A month before he had also gotten angry after I defied his demand not to attend a national peace rally in New York City. I went anyway, taking a chartered bus with a college friend from Grant Park in Chicago. It was a memorable trip, starting with the fact that the bus we happened to board was almost entirely populated by some radical gay liberation group, many of whom engaged for much of the bus ride in what might be described as dramatic displays of sensual behavior as we cruised east on Highway 80. It was slightly startling if only because, at the age of 19, I had never seen gay males kissing before.

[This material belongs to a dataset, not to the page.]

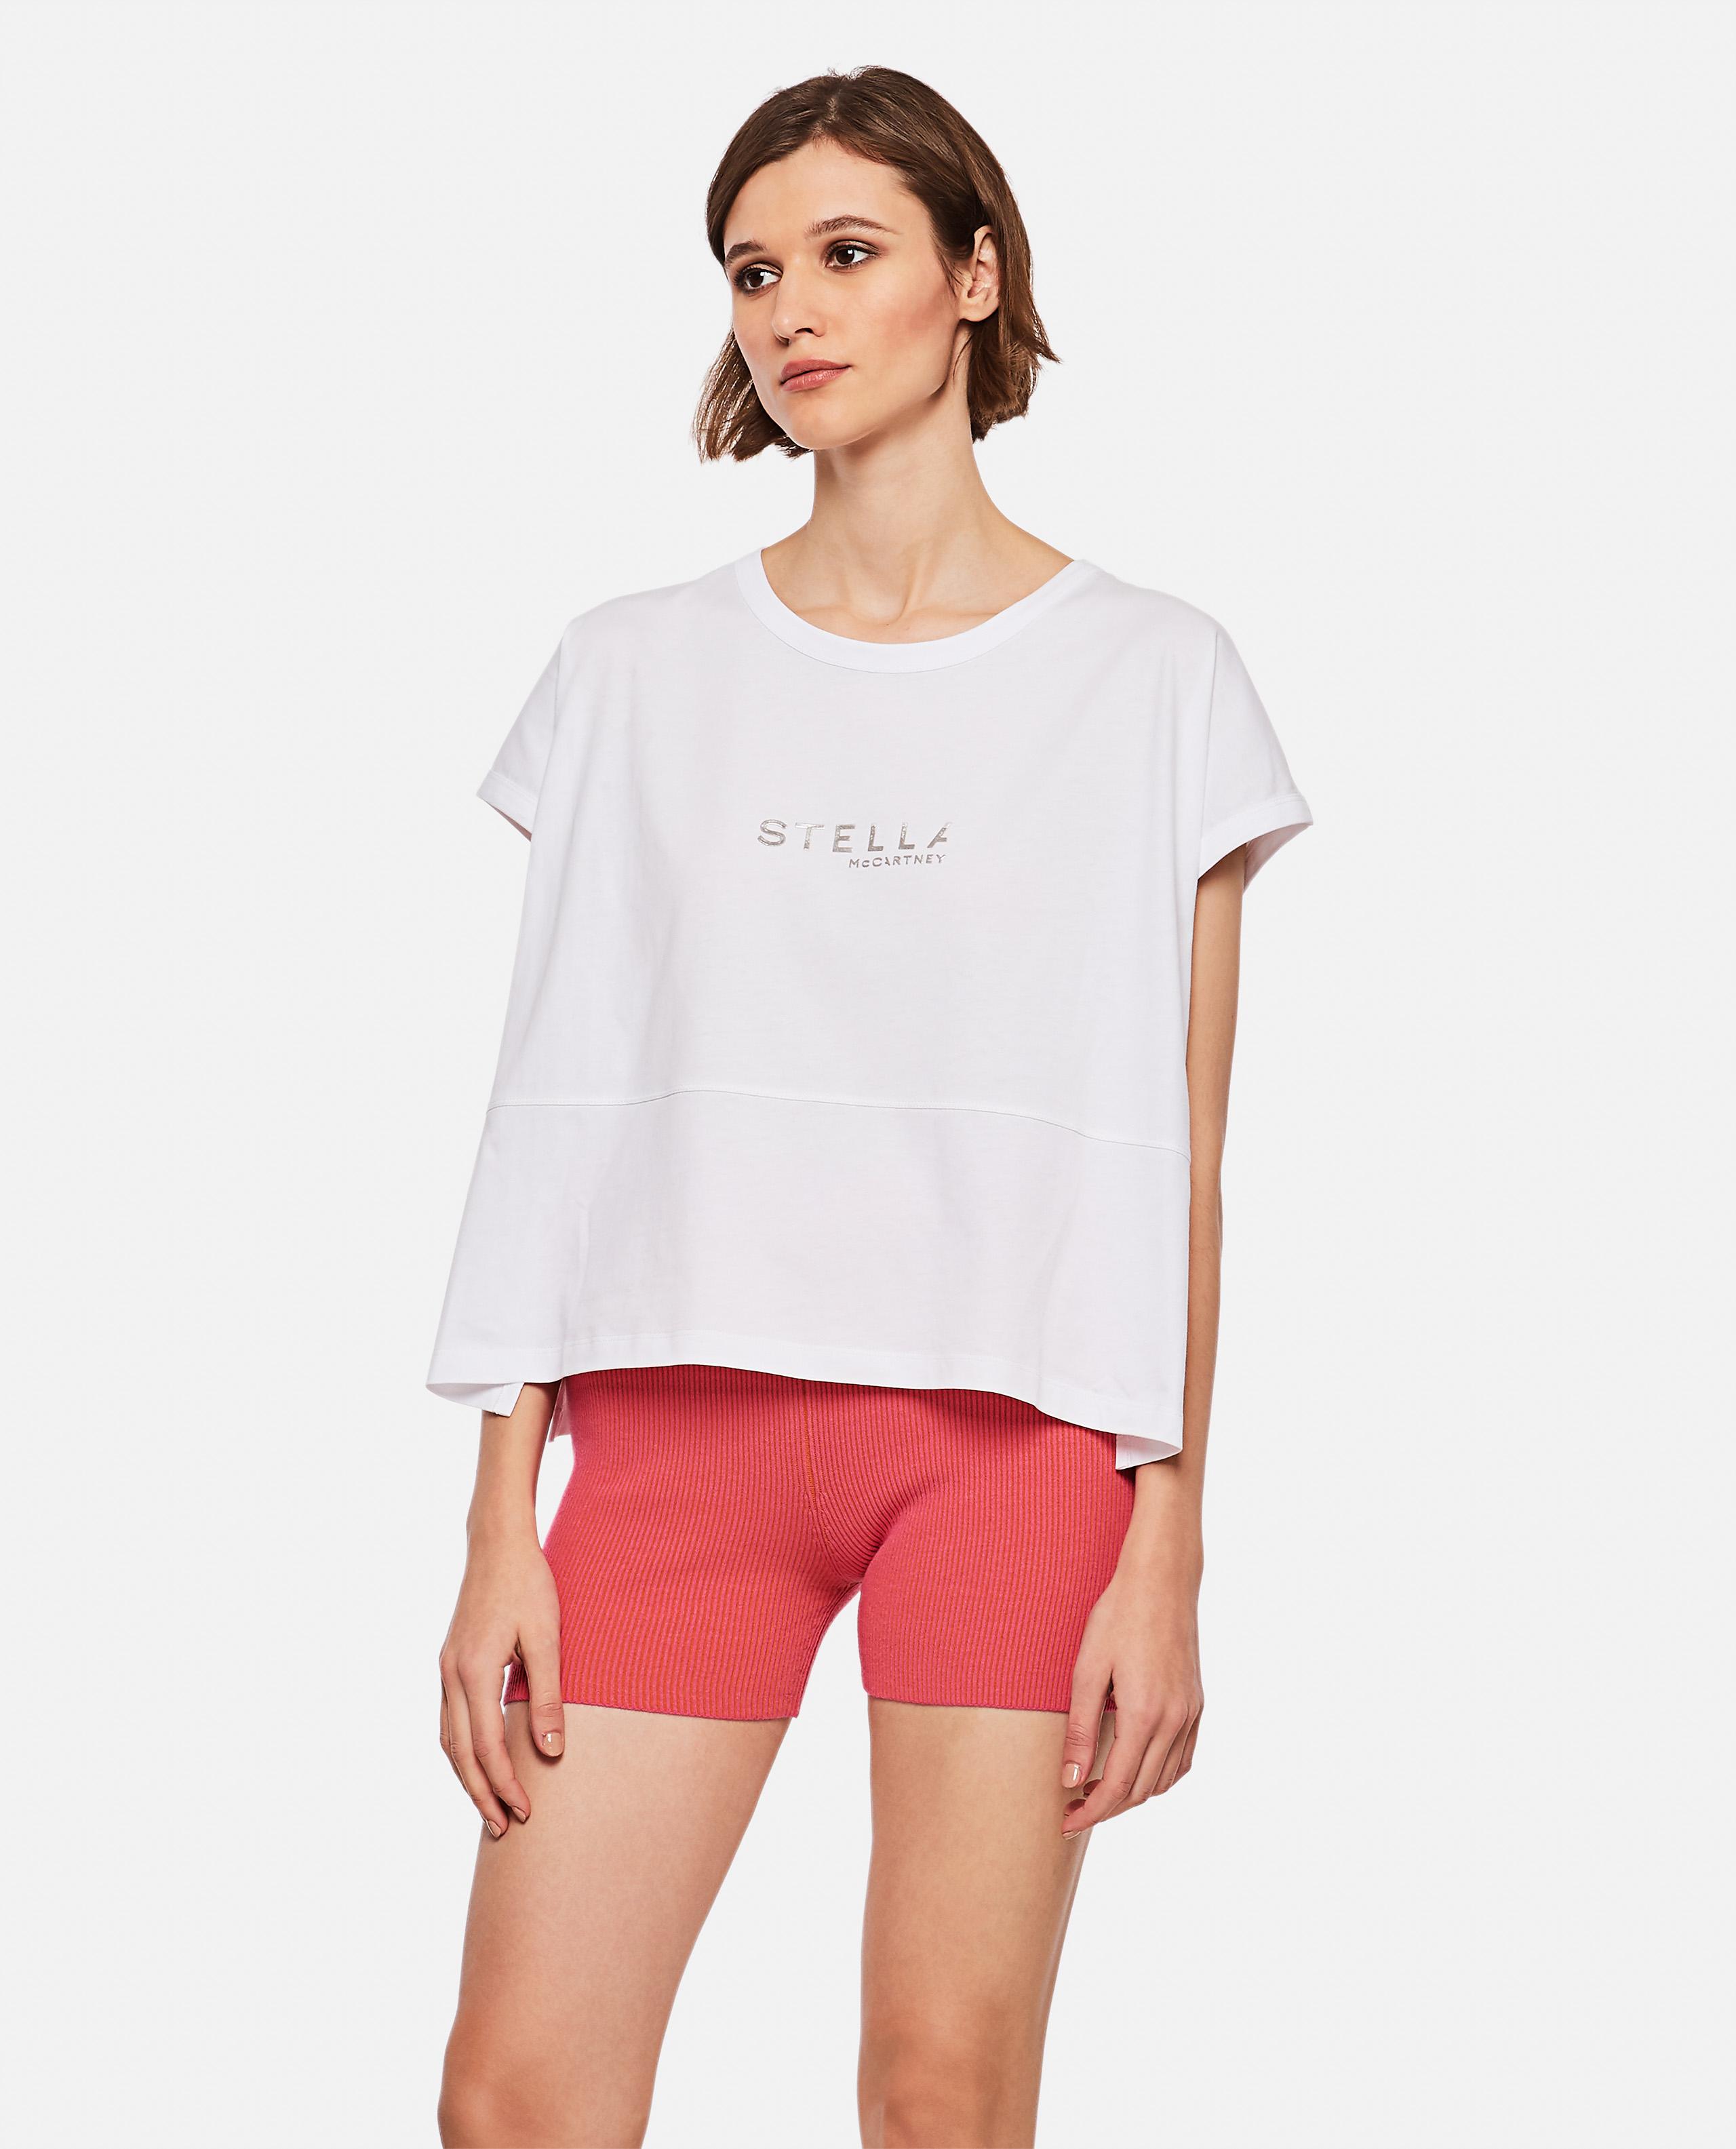 T-shirt with boxy logo

In New York City we joined 100,000 antiwar protesters in Times Square, listened to stirring denunciations of the Vietnam War, and witnessed a surprise appearance by John Lennon and Yoko Ono, who sang “Give Peace a Chance” with all of us singing along. Before boarding the bus for the long trip back to Chicago, we walked around Times Square, ate Chinese food, and attended a taping of The David Frost Show, a popular TV program where we watched actor Art Carney perform in a satirical skit about McCarthyism. It was an extraordinary weekend. But none of my account of this impressed my father, who for a time couldn’t get past his displeasure that I had defied his wishes.
But now all that was in the past. It had been a while since any major battles erupted between us. Now there was only the early morning and thoughts to share about my future. I listened and responded politely, of course, but that was all. As far as I was concerned, my father was static interference on the otherwise clear signal of my own youthful vision. I knew who I was in the world. I didn’t need his advice. Nor did I feel much patience for the constant cajoling to become his version of The Great Achiever. Whether it was a fair perception or not, it was how I felt. But in my heart I also did not want to push him away. Now at least the tenor of things between us was more yielding than usual. It was not a bad day.
At last it was time to go our separate ways. The train was arriving. Dad reminded me again to call Mom when I got in. Then we shook hands. A smile graced his strong features as he wished me well. I thanked him. I’ll see you soon, I said.
My father had three weeks to live.
And then came the moment when all the words were done. Everything that had to be said—everything that would ever be said—was finished and done. The story was complete. I bid goodbye then to my father, grabbed my bag from the back seat and swung the door shut. With a wave, I turned and walk toward the station platform.
The train was at the station and I didn’t look back.